No, it's only sad that so many people maintain libraries without
understanding the consequences of ABI changes.

> > I have a library, which I want to package for Debian.  I felt it would
> > be a good idea to use symbol versioning, since most of my programs (and
> > in some cases other libraries) use it.  The library is written in C++,
> > which seems to be a slight problem.  AFAIU the linker should be able to
> > handle it, but I don't see how.  Let's start with the problem in more
> > detail:

> Before you do this, you should check if symbol versioning buys you
> anything in your case.  If an application uses libA and libB which
> both depend on libC, but in two different versions libC1 and libC2,
> and you want to pass a libC-implemented object from libA to libB or
> vice versa, this still does not work.  If libA and libB completely
> hide their dependency on libC, you won't run into such problems.

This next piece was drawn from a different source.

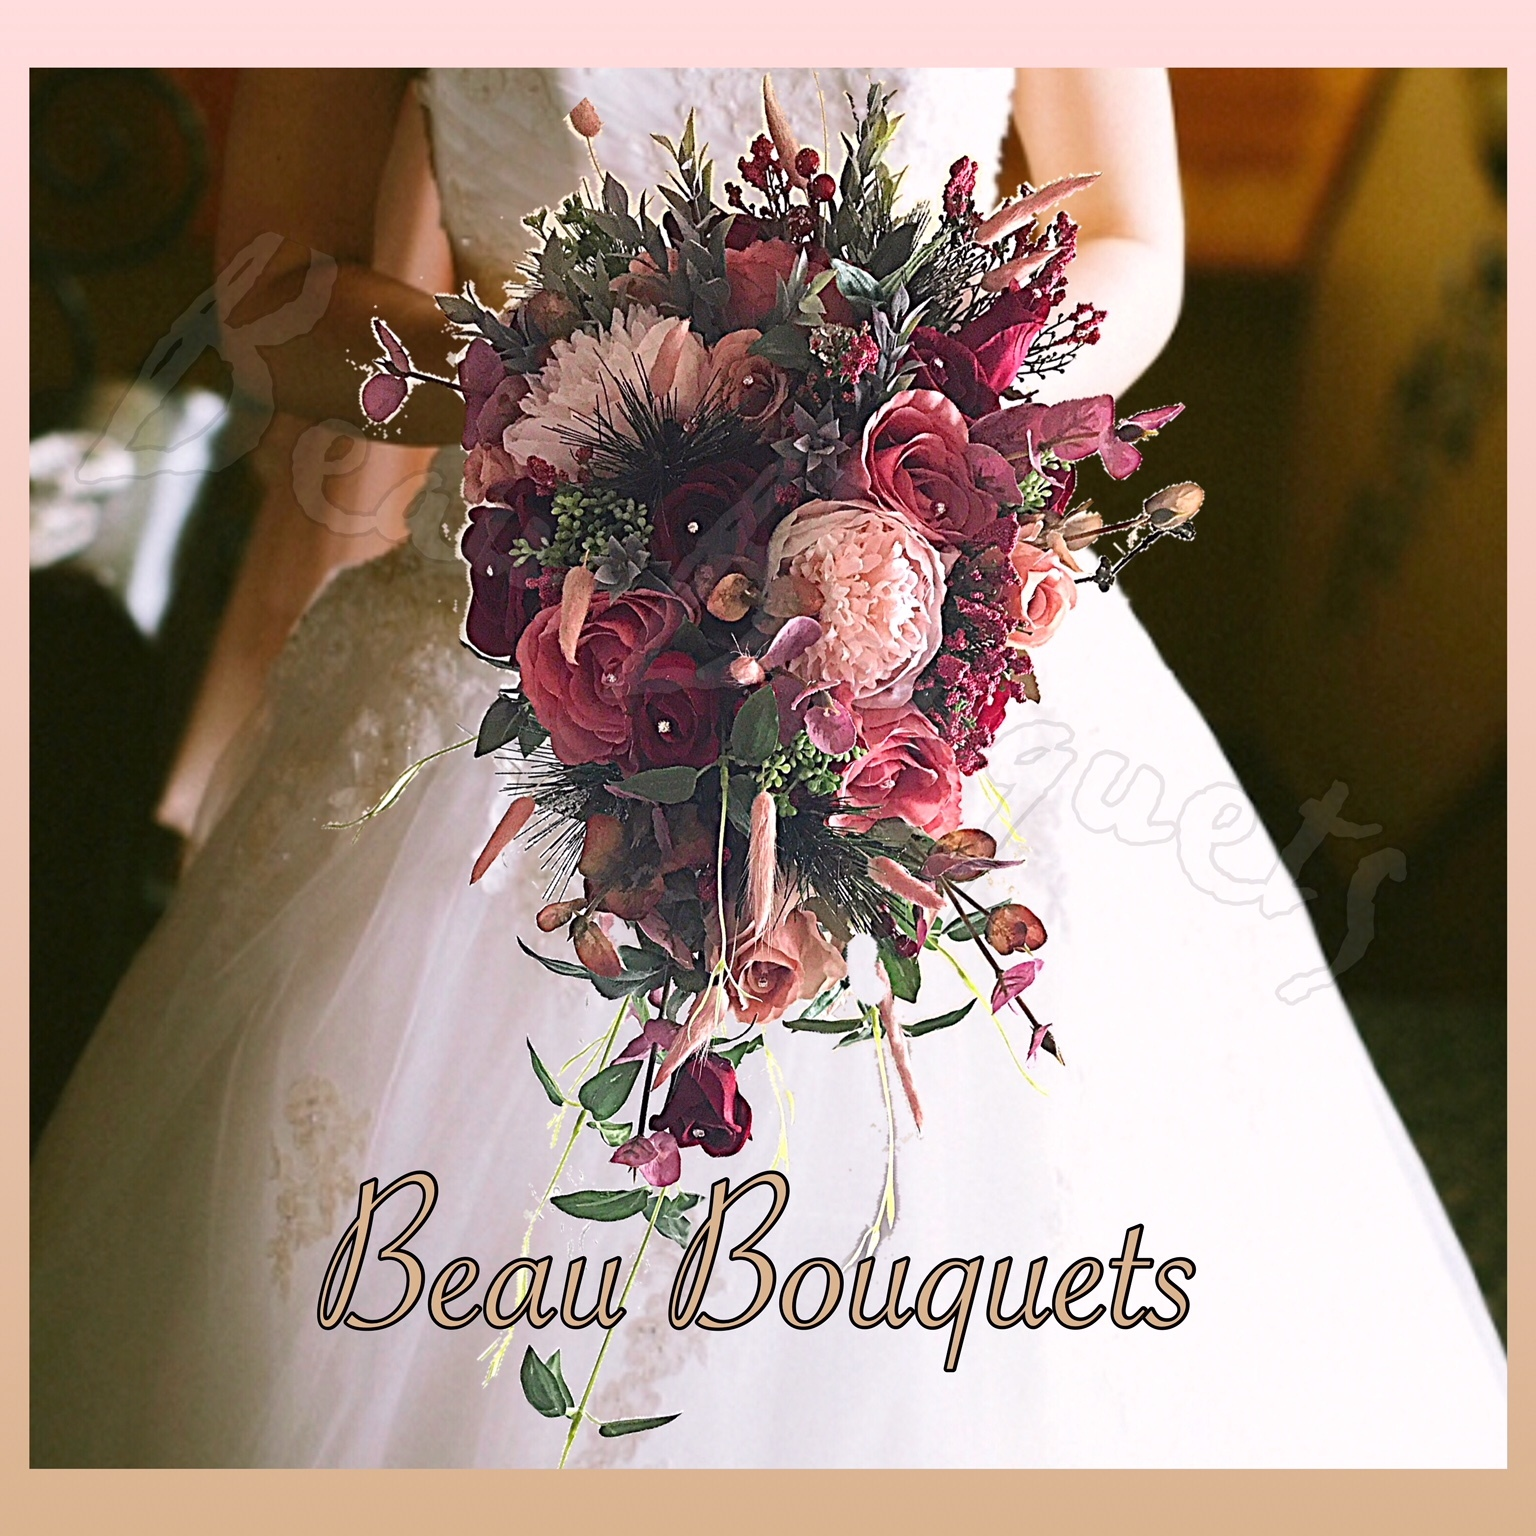 TRUE LOVE - CASCADE BRIDE BOUQUET Wintry burgundy & dusky pink roses, spruce, fir cones, berries adn dusky green foliage

In my experience, exposing objects in APIs like this remains an exception
rather than a rule.  Regardless, using symbol versioning still limits the
problem to cases where objects are being passed around between multiple
versions of a library *and* the definition of that particular object has
changed.  Without symbol versioning, loading multiple versions of a library
frequently leads to segfaults in library *internals*, regardless of whether
the library has a clean API.

> And there's also problem which is rather C++-specific: When an object
> is created, the size of the object is typically compiled into the
> creator, unversioned.  This means that unless the API is very
> carefully designed, you end up with non-versioned dependencies anyway.

True.  But again, this only shows that symbol versioning is not a panacea --
not that it isn't worth doing.

> The poster child for symbol versioning, GNU libc, uses one source
> version to provide multiple, versioned entry points.  This offers
> complete control over the interplay of versions, and works best for C
> code.  Symbol versioning is no magic bullet that lets you escape DLL
> hell.  In general, what saves us is the ability to recompile large
> parts of our software archive against new library versions, not symbol
> versioning.

In addition to the special case of glibc, symbol versioning (of one sort or
another) has been used for the following libraries to good effect where it
was not practical to just recompile everything against new library versions;
in many of these cases, the impetus for symbol versioning originated with
Debian:

  BDB
  cyrus-sasl
  libkrb5 (MIT and Heimdal)
  libpng
  gnutls
  openssl
  wxwidgets

For *any* library with other libraries as reverse-dependencies, where the
maintainer has considered shipping two upstream versions of the lib in
parallel, unless it's *known* that the API is not safe under symbol
versioning, using symbol versioning should be the default policy.  Even if
only packages linking against the new version of the lib pick up the symbol
versioning, it can still make a *huge* difference in the quality of the
user's experience.

-- 
Steve Langasek                   Give me a lever long enough and a Free OS
Debian Developer                   to set it on, and I can move the world.